• _Aim of the task_:
Among the entries below, which lines run from the line with "File:Haile Selassie - Emperor, Warrior, 1943.jpg" through the line with "Alternate Image 2"? Retype those, both ends included, exactly and without pictures.

• _Record set_:
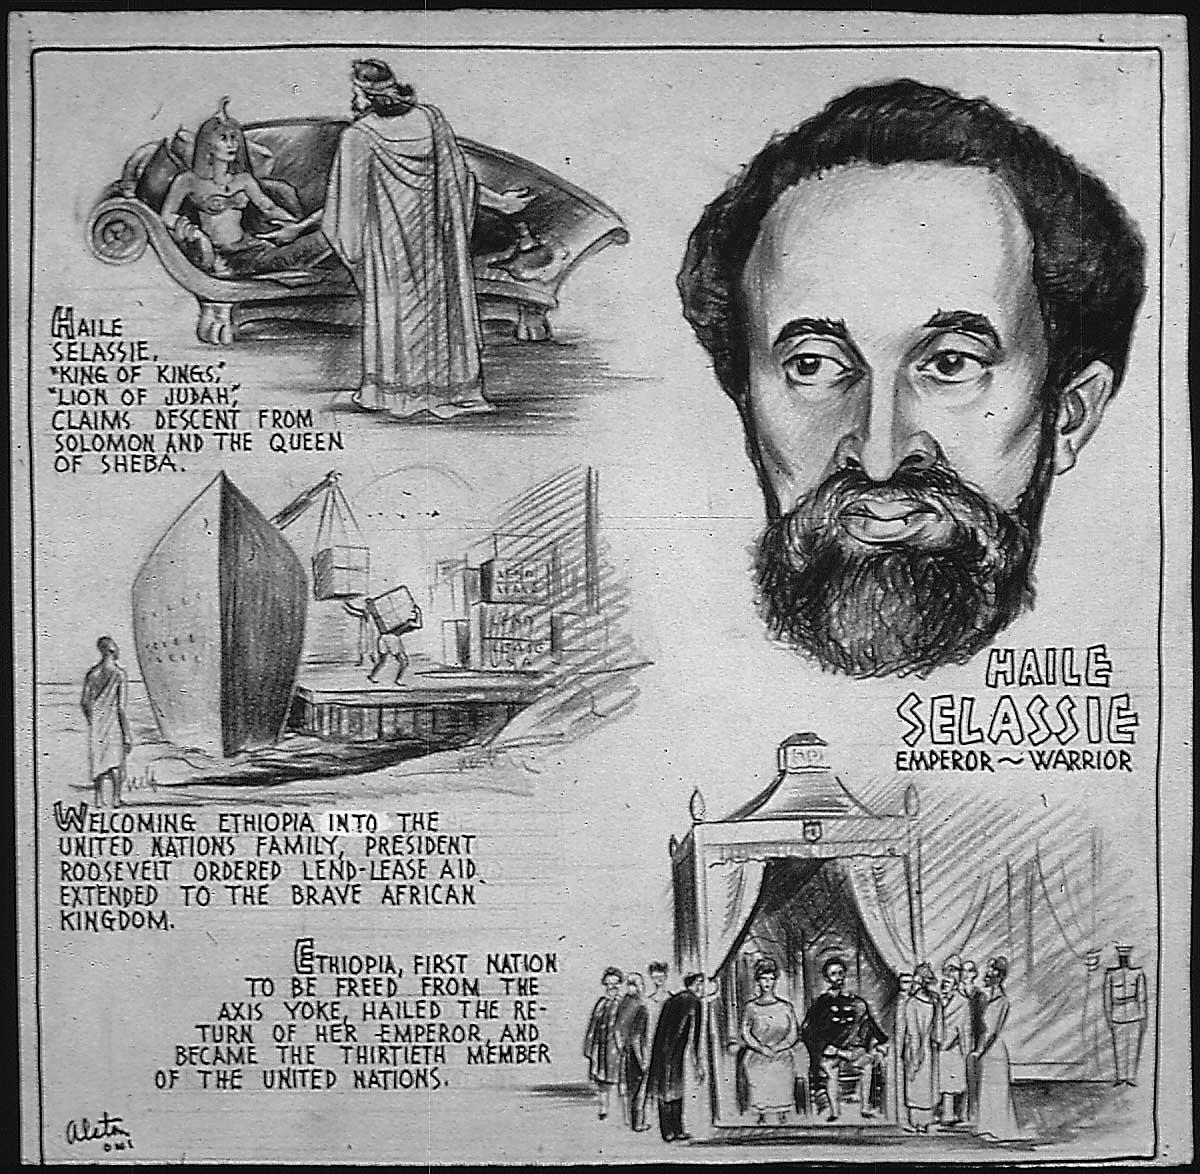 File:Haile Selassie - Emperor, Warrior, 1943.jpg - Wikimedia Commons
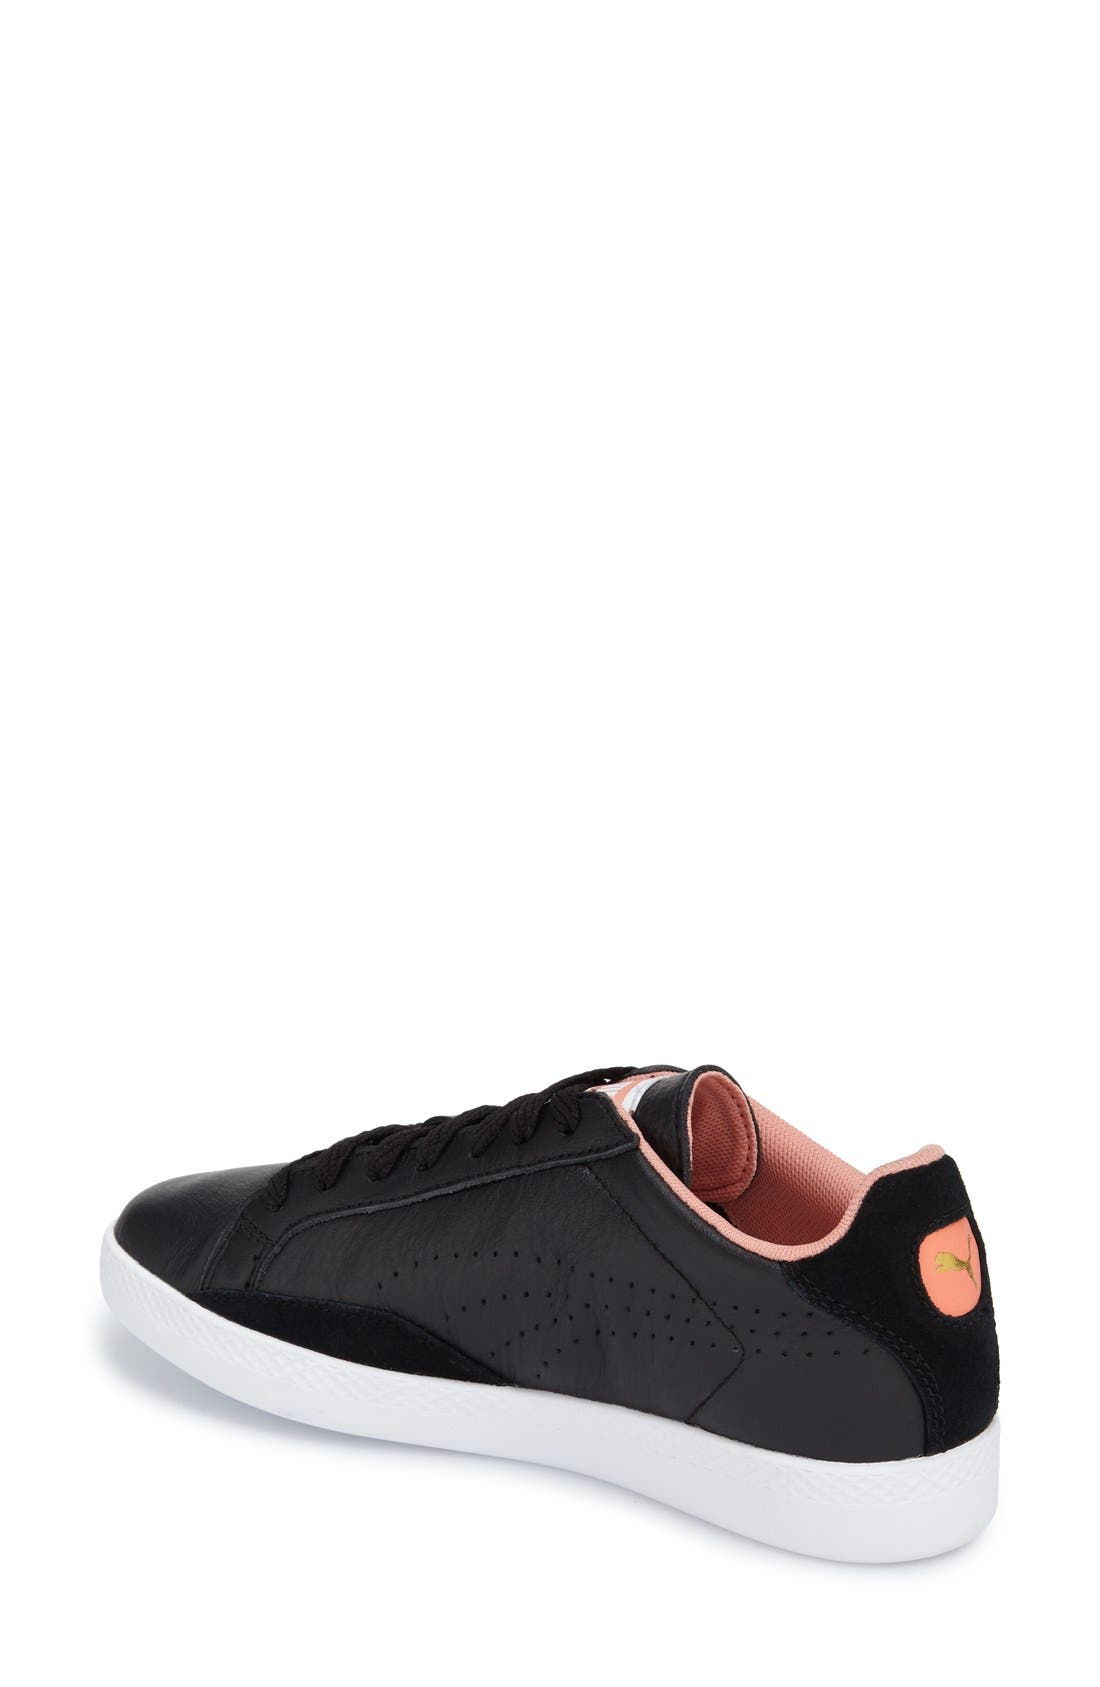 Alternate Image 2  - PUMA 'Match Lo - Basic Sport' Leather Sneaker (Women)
* * *
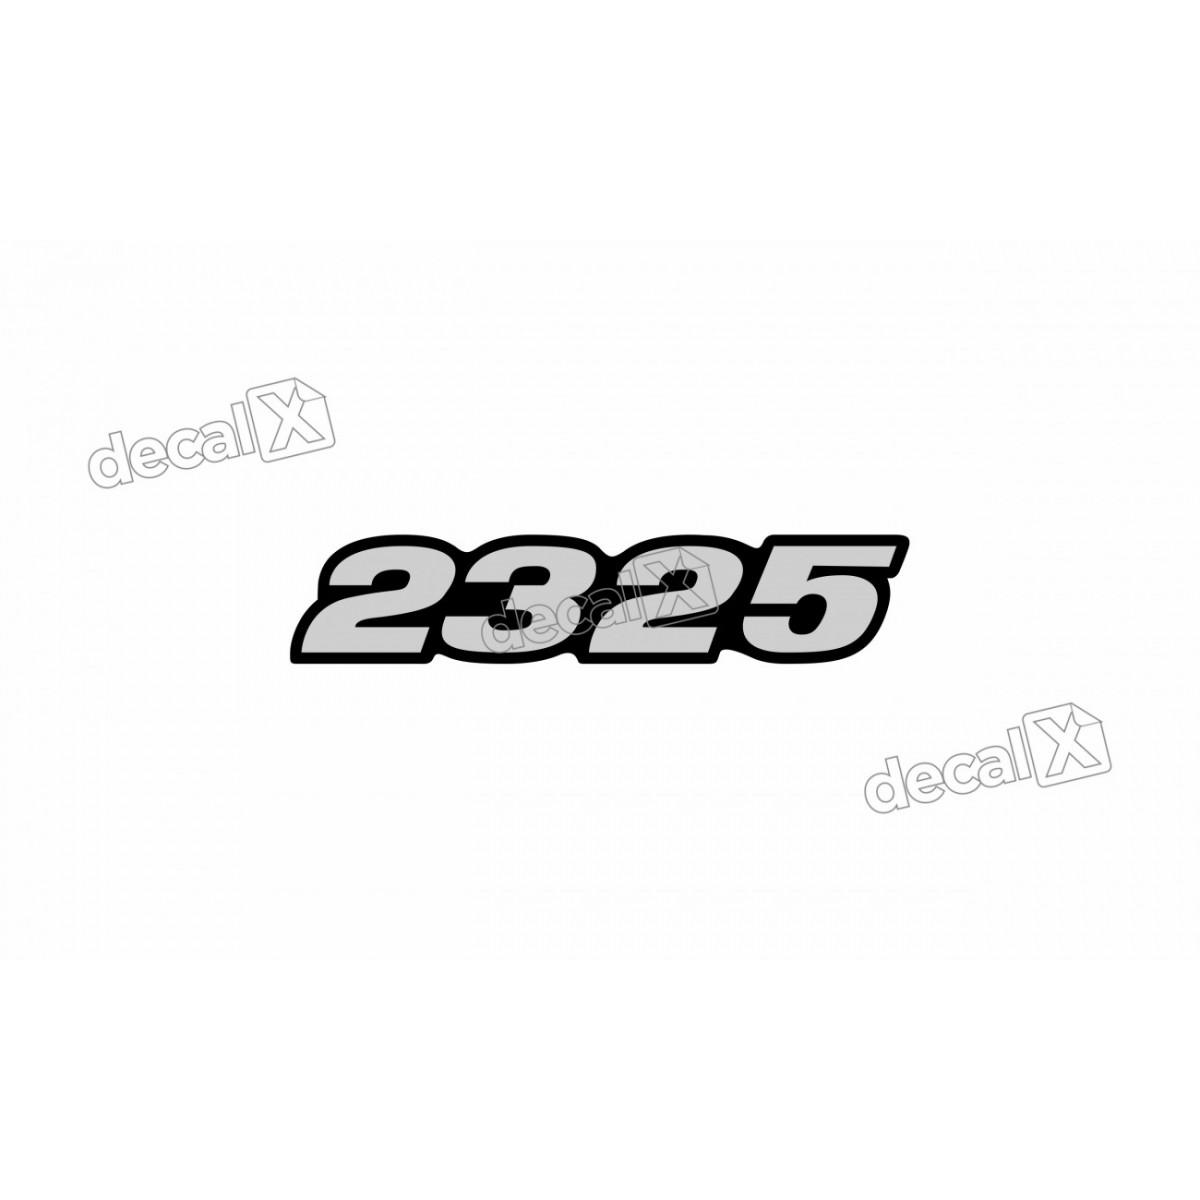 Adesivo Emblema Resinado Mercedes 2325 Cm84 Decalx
...
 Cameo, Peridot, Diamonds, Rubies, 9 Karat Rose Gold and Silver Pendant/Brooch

• _Task solution_:
 File:Haile Selassie - Emperor, Warrior, 1943.jpg - Wikimedia Commons
 Alternate Image 2  - PUMA 'Match Lo - Basic Sport' Leather Sneaker (Women)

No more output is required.